Problem description: Your task is to transcribe the data exactly while omitting each picture.

Listed entries:
════

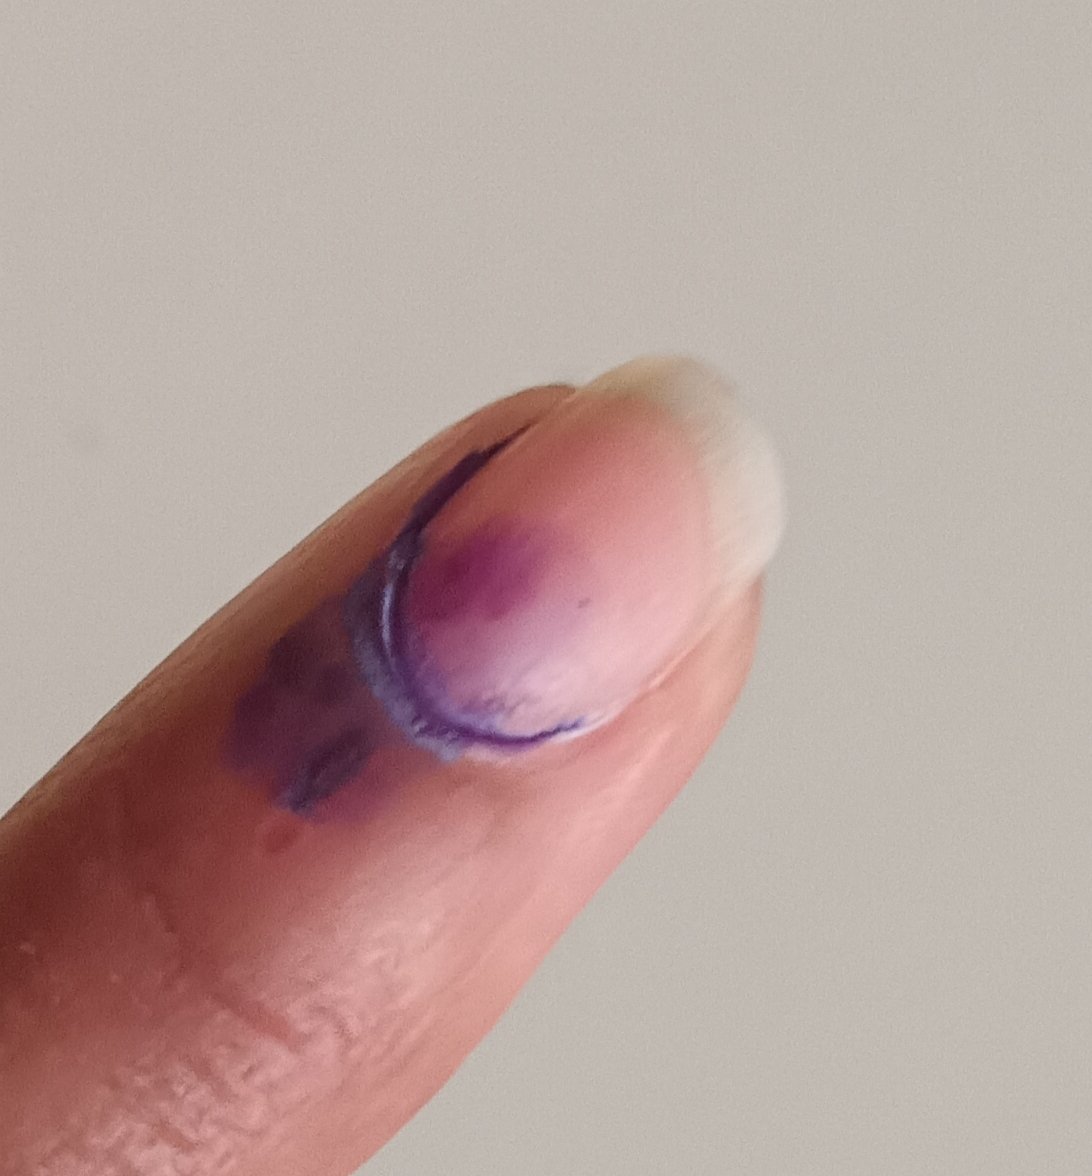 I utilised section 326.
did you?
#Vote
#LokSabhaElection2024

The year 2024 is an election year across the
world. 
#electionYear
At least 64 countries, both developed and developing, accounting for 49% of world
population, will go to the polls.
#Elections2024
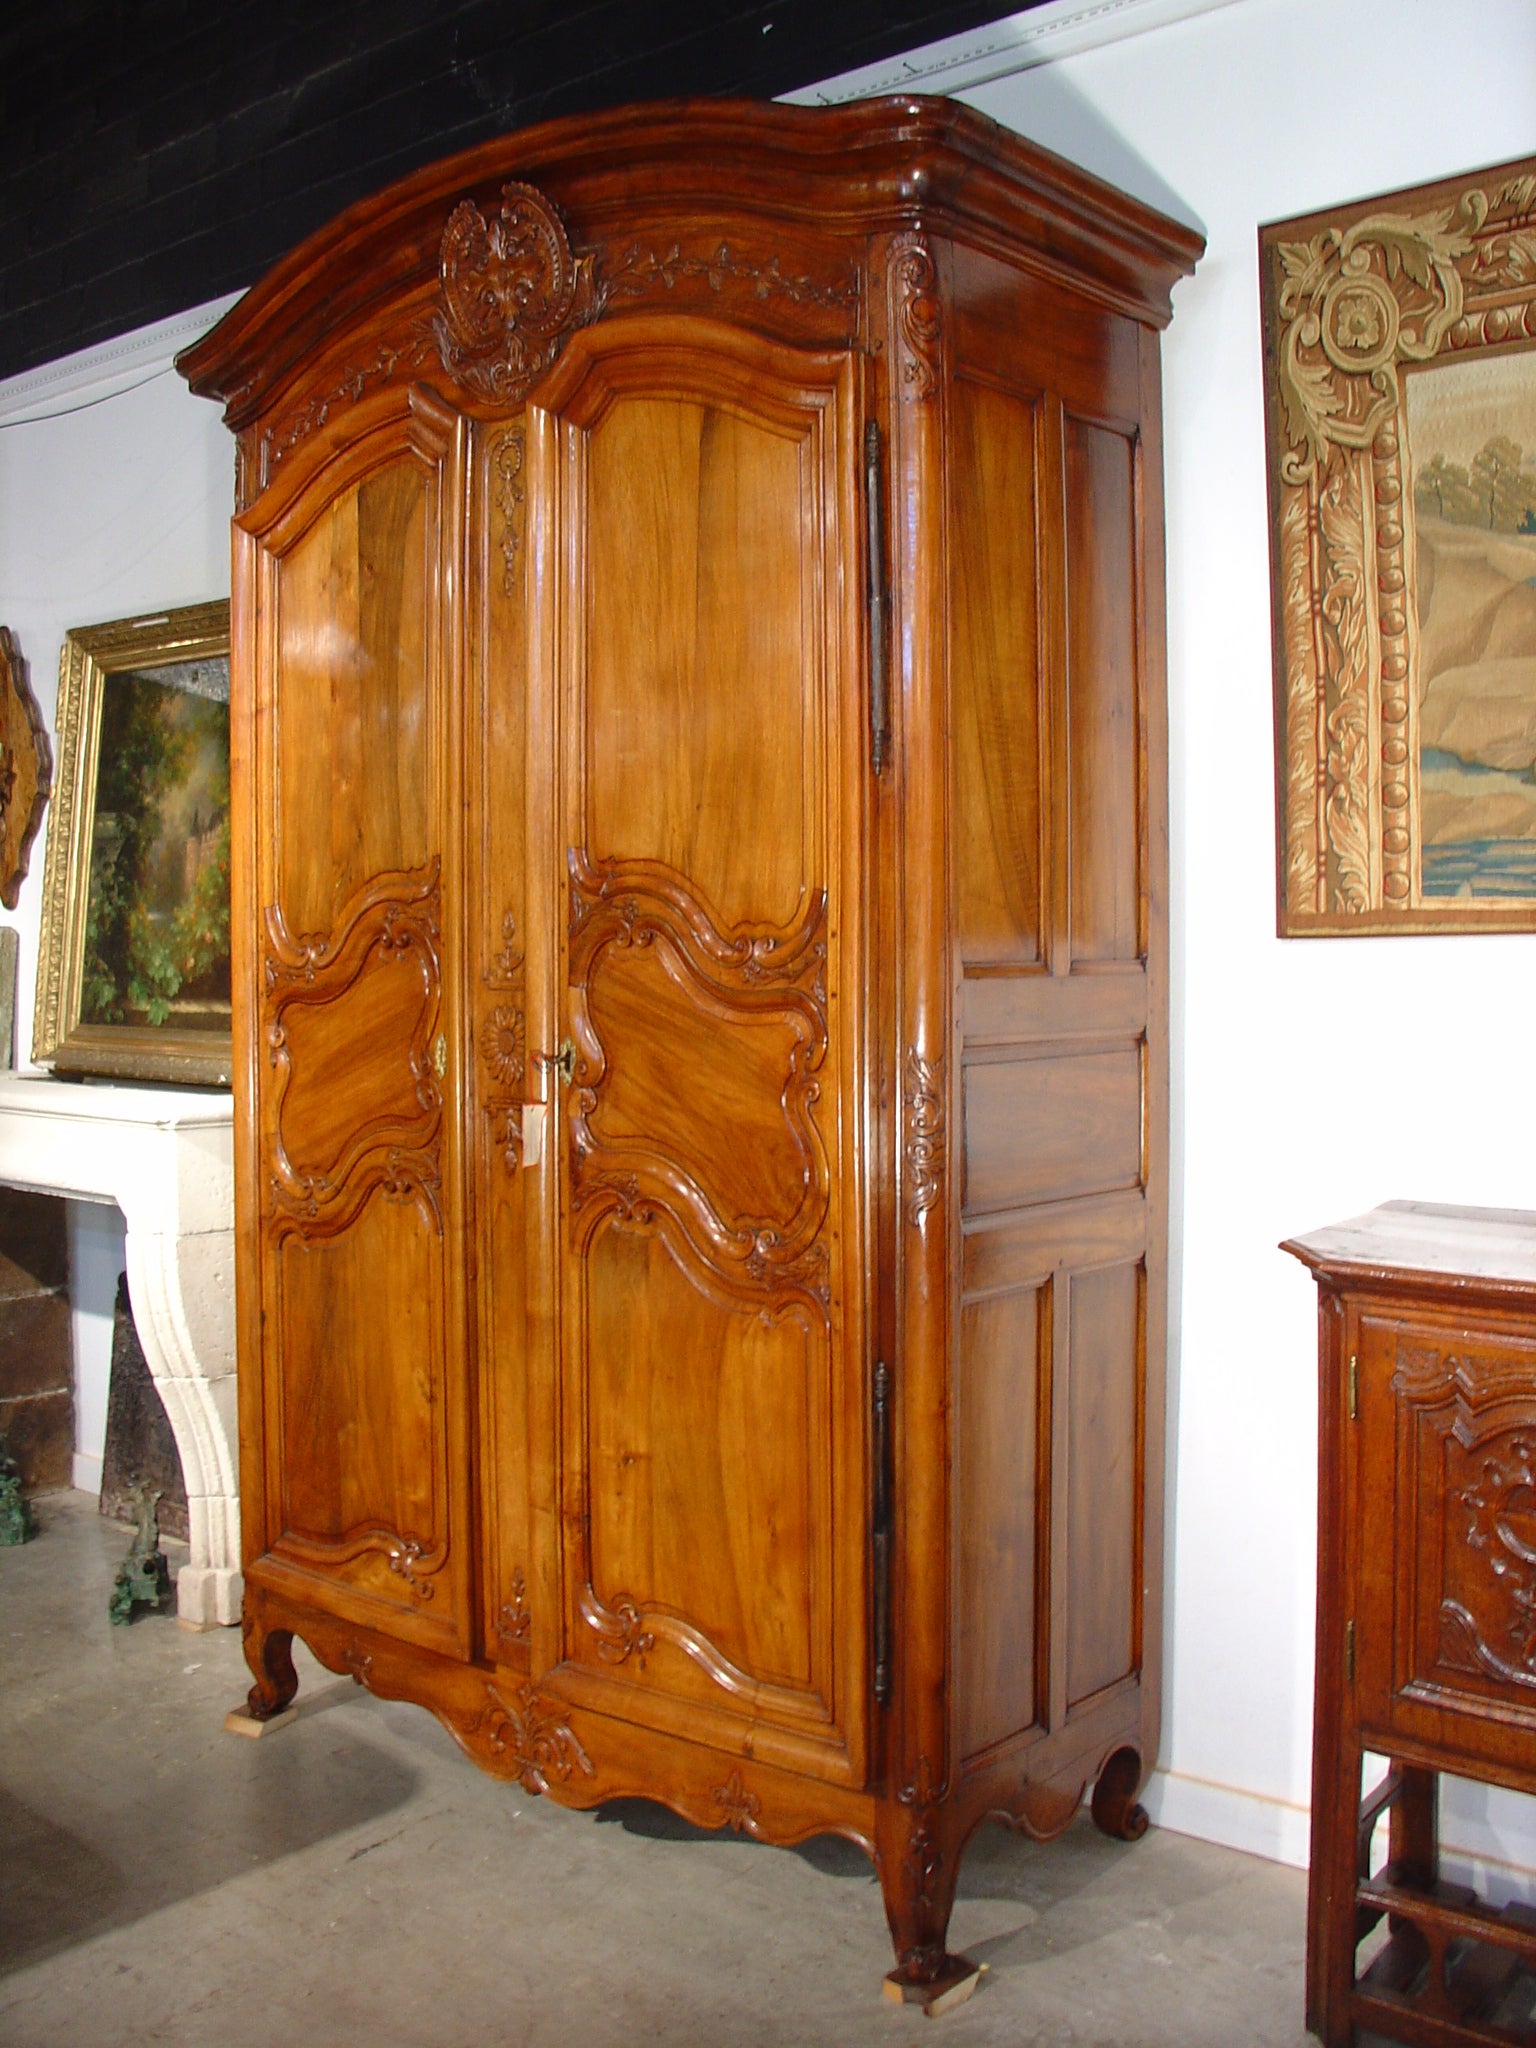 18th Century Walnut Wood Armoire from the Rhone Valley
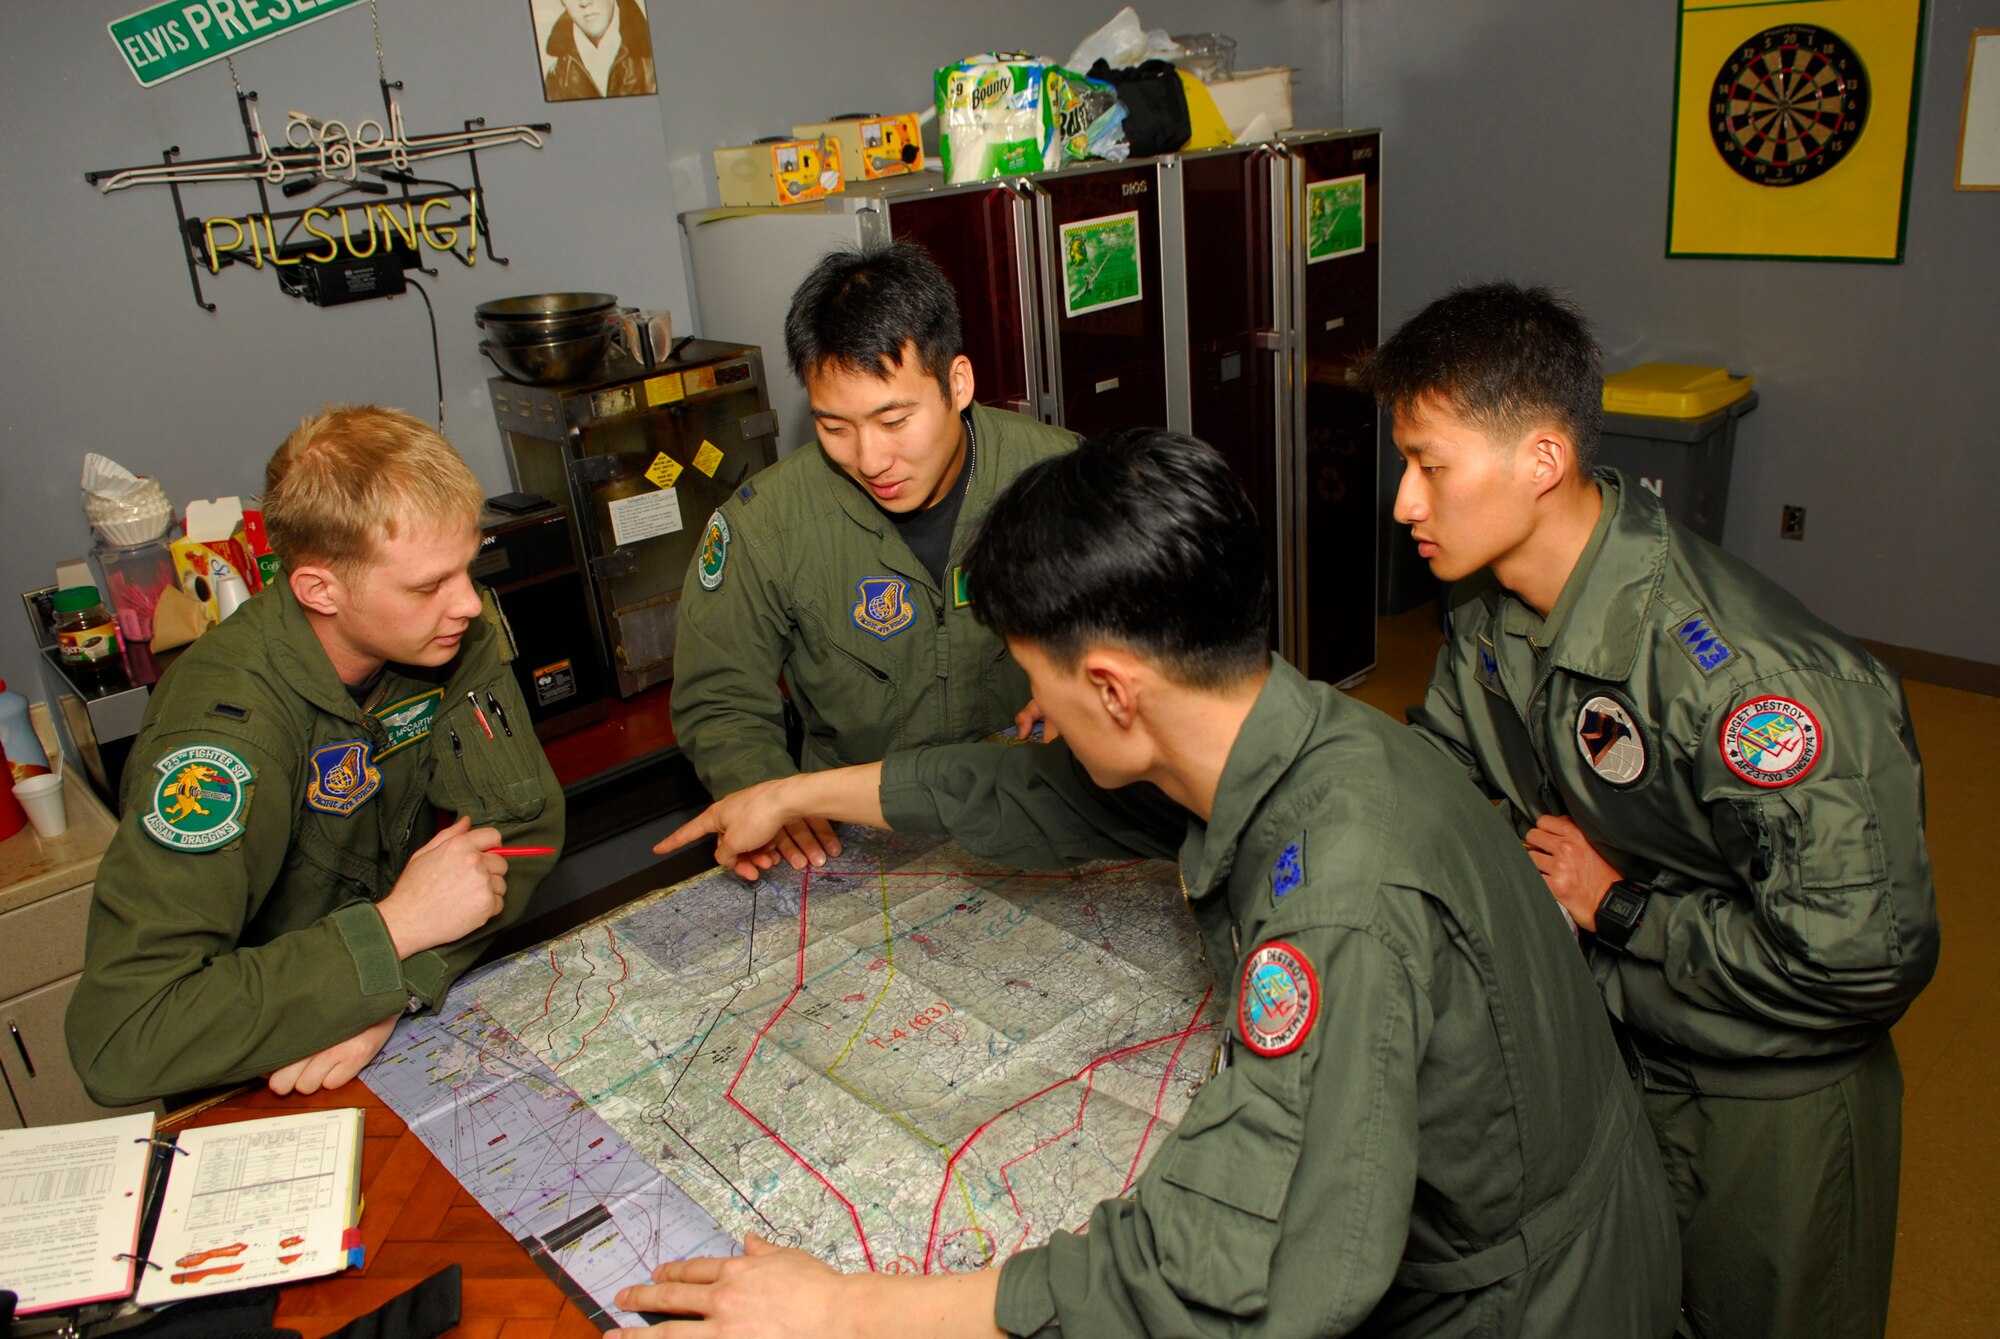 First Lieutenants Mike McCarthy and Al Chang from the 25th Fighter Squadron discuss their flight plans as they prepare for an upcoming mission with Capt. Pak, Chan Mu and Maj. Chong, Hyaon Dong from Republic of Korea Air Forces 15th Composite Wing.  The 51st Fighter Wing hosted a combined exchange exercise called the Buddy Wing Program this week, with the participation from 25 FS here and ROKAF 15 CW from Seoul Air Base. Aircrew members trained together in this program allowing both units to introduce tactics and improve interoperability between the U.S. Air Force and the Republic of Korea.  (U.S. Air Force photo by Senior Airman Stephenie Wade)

════

Task answer:
 I utilised section 326.
did you?
#Vote
#LokSabhaElection2024

The year 2024 is an election year across the
world. 
#electionYear
At least 64 countries, both developed and developing, accounting for 49% of world
population, will go to the polls.
#Elections2024
 18th Century Walnut Wood Armoire from the Rhone Valley
 First Lieutenants Mike McCarthy and Al Chang from the 25th Fighter Squadron discuss their flight plans as they prepare for an upcoming mission with Capt. Pak, Chan Mu and Maj. Chong, Hyaon Dong from Republic of Korea Air Forces 15th Composite Wing.  The 51st Fighter Wing hosted a combined exchange exercise called the Buddy Wing Program this week, with the participation from 25 FS here and ROKAF 15 CW from Seoul Air Base. Aircrew members trained together in this program allowing both units to introduce tactics and improve interoperability between the U.S. Air Force and the Republic of Korea.  (U.S. Air Force photo by Senior Airman Stephenie Wade)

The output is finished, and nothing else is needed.